When I told this story to my friend Wendy, she said, “Way to go, Poker Face.”

I asked if I could come see him.  And four days later I was sitting in his home. He has had a very difficult time with alcohol, but has been sober fifteen years.  I think he’s done it by never leaving his house. He looks the same and sounds the same, only older. He was never abusive to me in any way, or I would not have gone.  I should say he was not intentionally abusive, but It does affect your developing psyche somewhat when as a twelve-year-old you can yell at your six-feet-tall, two -hundred-twenty-pound dad and tell him to “Turn off the stove before you burn the house down.“  Or, “Put the baby down and go to bed. You’re drunk.” He always did what I said, and that might explain why I am so bossy now. Still, I have memories of being young, before the alcohol took him over, and he was actually a good Dad. That’s the one I care to remember and that’s the Dad I went to visit.  FYI, he did not vote for Trump, thank God, and is still a card-carrying Democrat.

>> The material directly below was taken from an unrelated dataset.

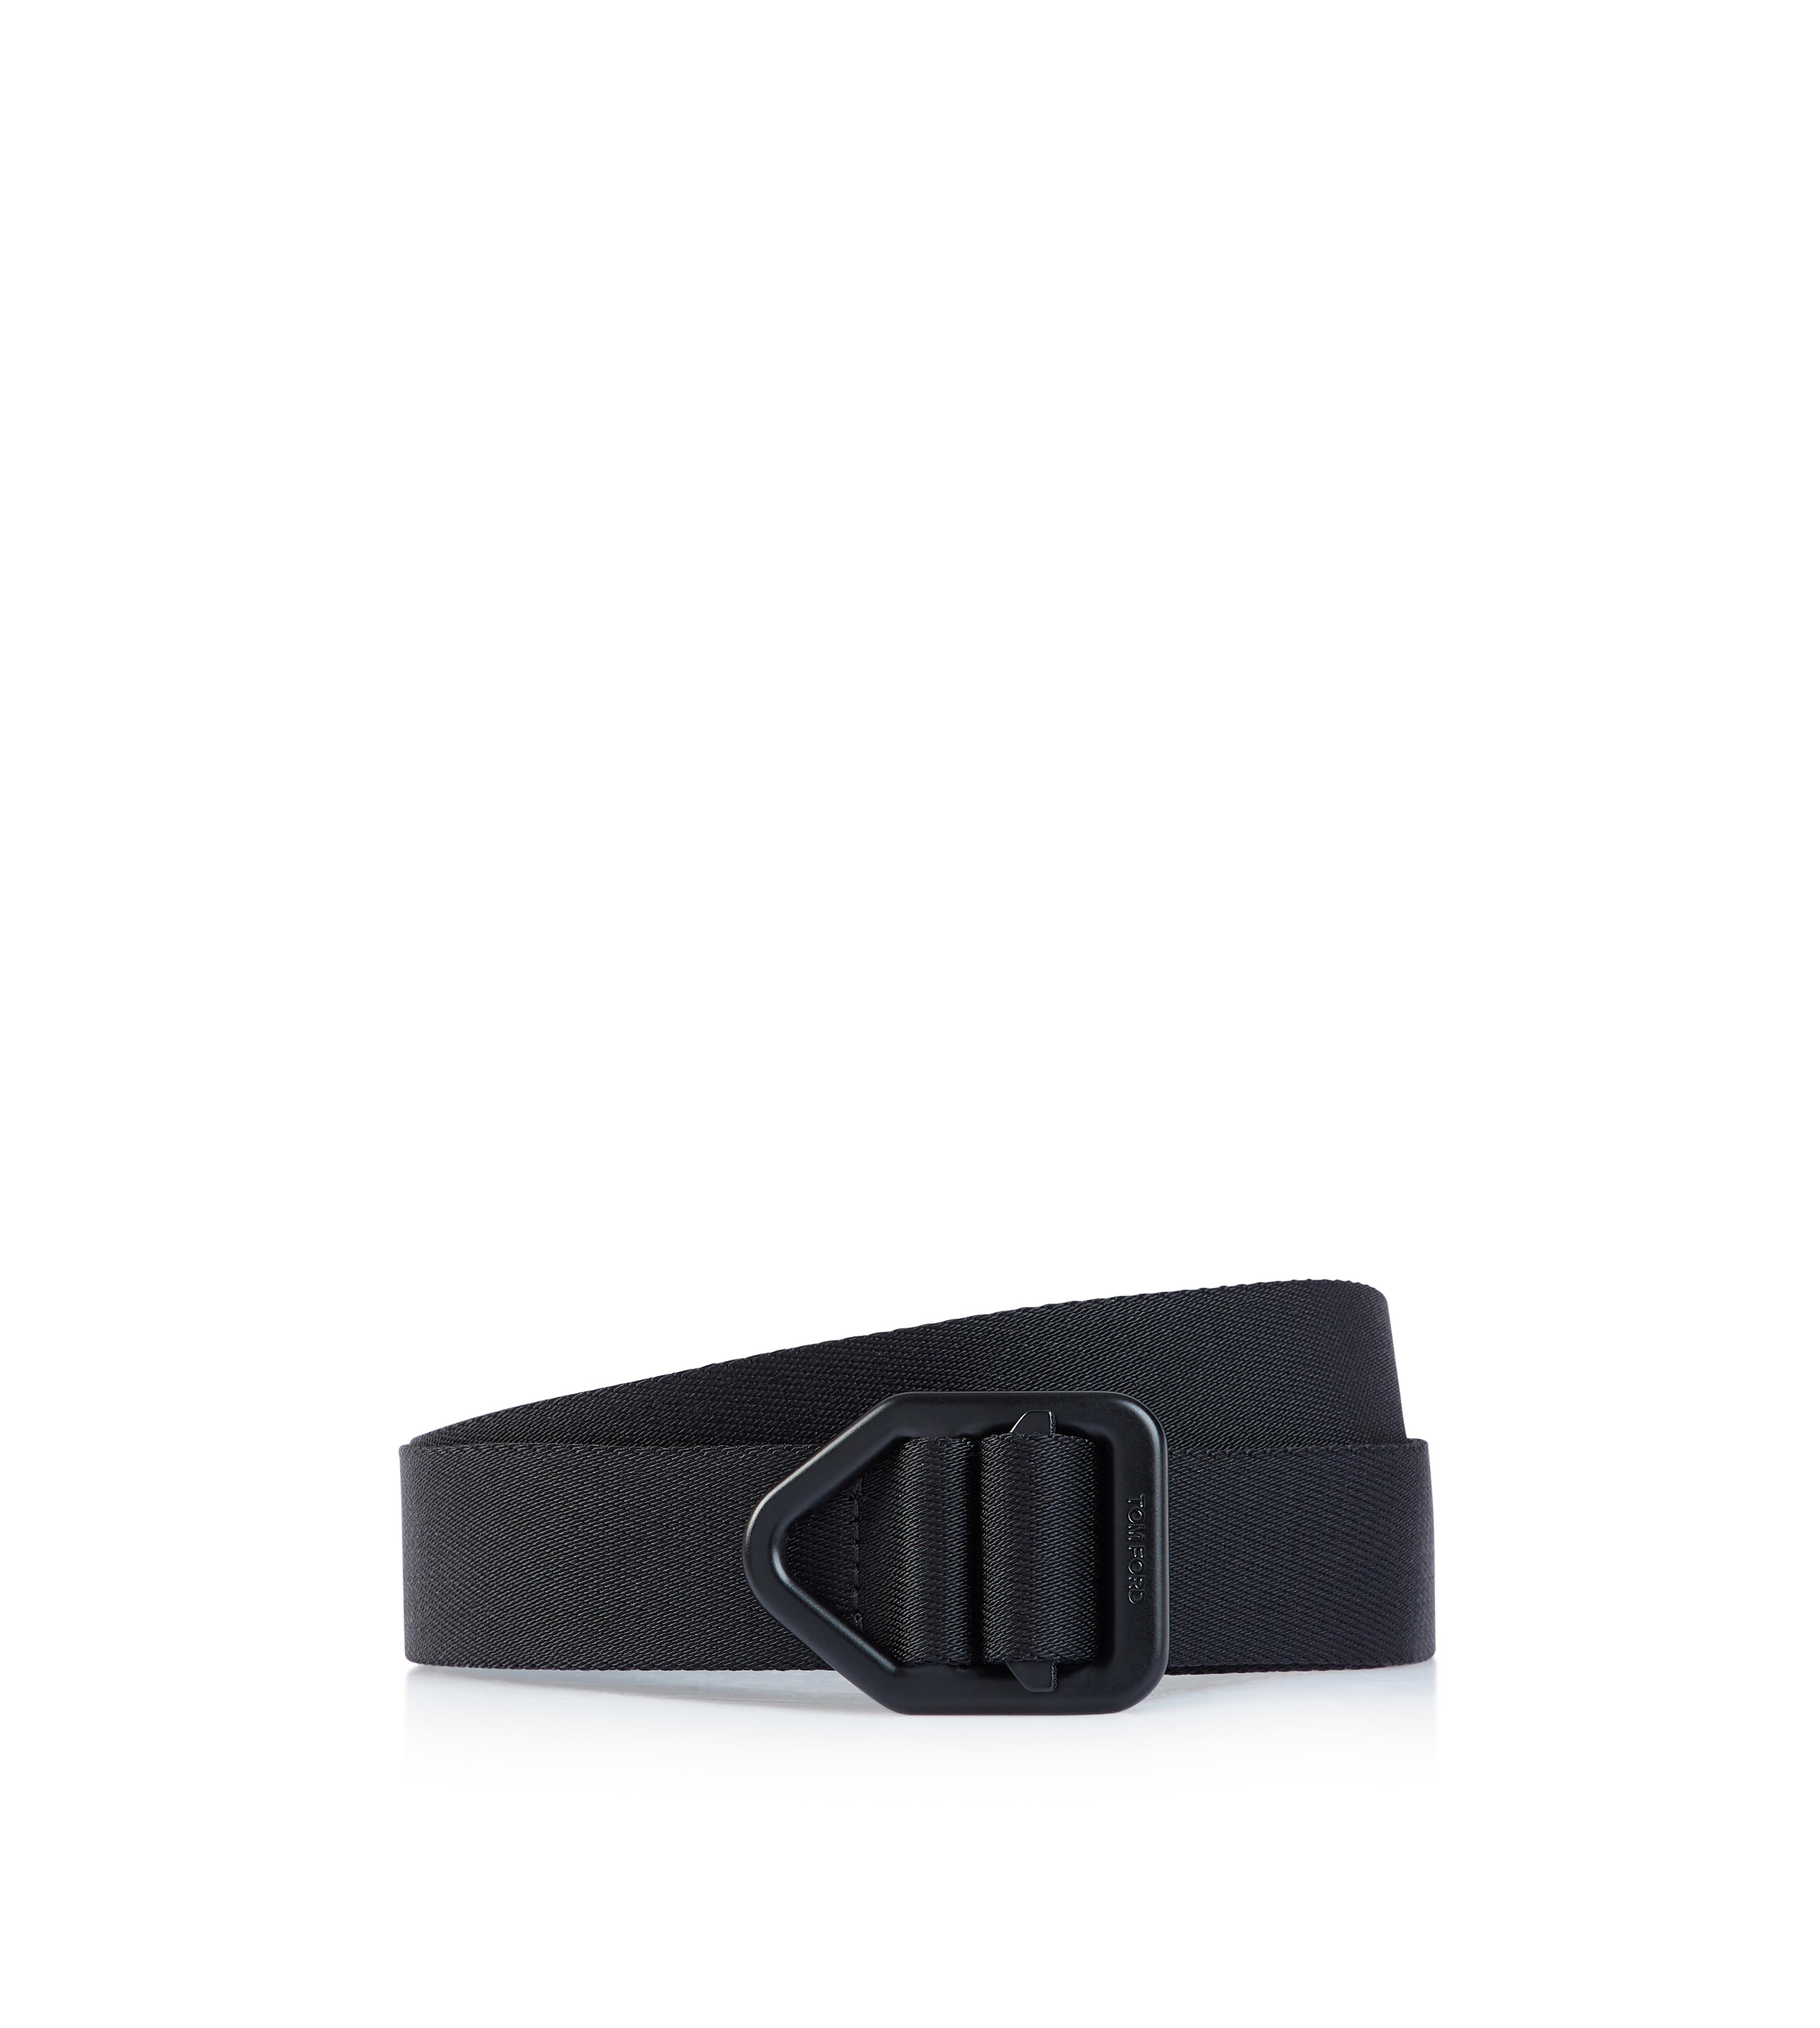 Belts - Men's Accessories | TomFord.com

After our visit, I felt like a piece of me that had been missing was back in place.  I felt acknowledged by my father, and it made me feel whole. I know I would have been fine if it had never happened, but I am so grateful it did.  It’s like I was playing the CandyLand game of life and I pulled the ice cream bar which meant I could skip a whole bunch of steps toward healing. I was found.

The last time I spoke to my sister was to tell her I had found our dad.  I texted her afterward and told her to call me, but she never did. Then on December 10 I received the call I have been waiting for, I do not exaggerate, for forty-two years. My sister was in the hospital on a respirator.  She died three days later of multiple organ failure caused by Alcoholic Liver Damage. She was lost.

I knew this would happen, yet I am still having a hard time believing she died.  You expect your parents to die. You fear your children will die. How do you wrap your brain around losing a sibling?  When I got home yesterday a box with her ashes was on my kitchen counter. They mailed my sister to me in a box and she was on my counter.  What the fuck?

Those two burdens that I let define me – I was abandoned by my father and I have to save my sister – are gone.  Gone. So, now what? Who am I now, and what will fill all this new emotional space? I haven’t a clue.

For today, I will wait until my Mom is out of surgery, get her settled, and hang out with her a bit.  I like to talk to her when she has had medication because she says really stupid and funny things. Then tomorrow I’ll come back to take her home and get another visitor’s sticker. And then I’ll find all the other hospital stickers in my car and put them in my purse because I’m not saving them to stick them to anything.  Instead, this time when I leave the hospital I will throw them all in the trash.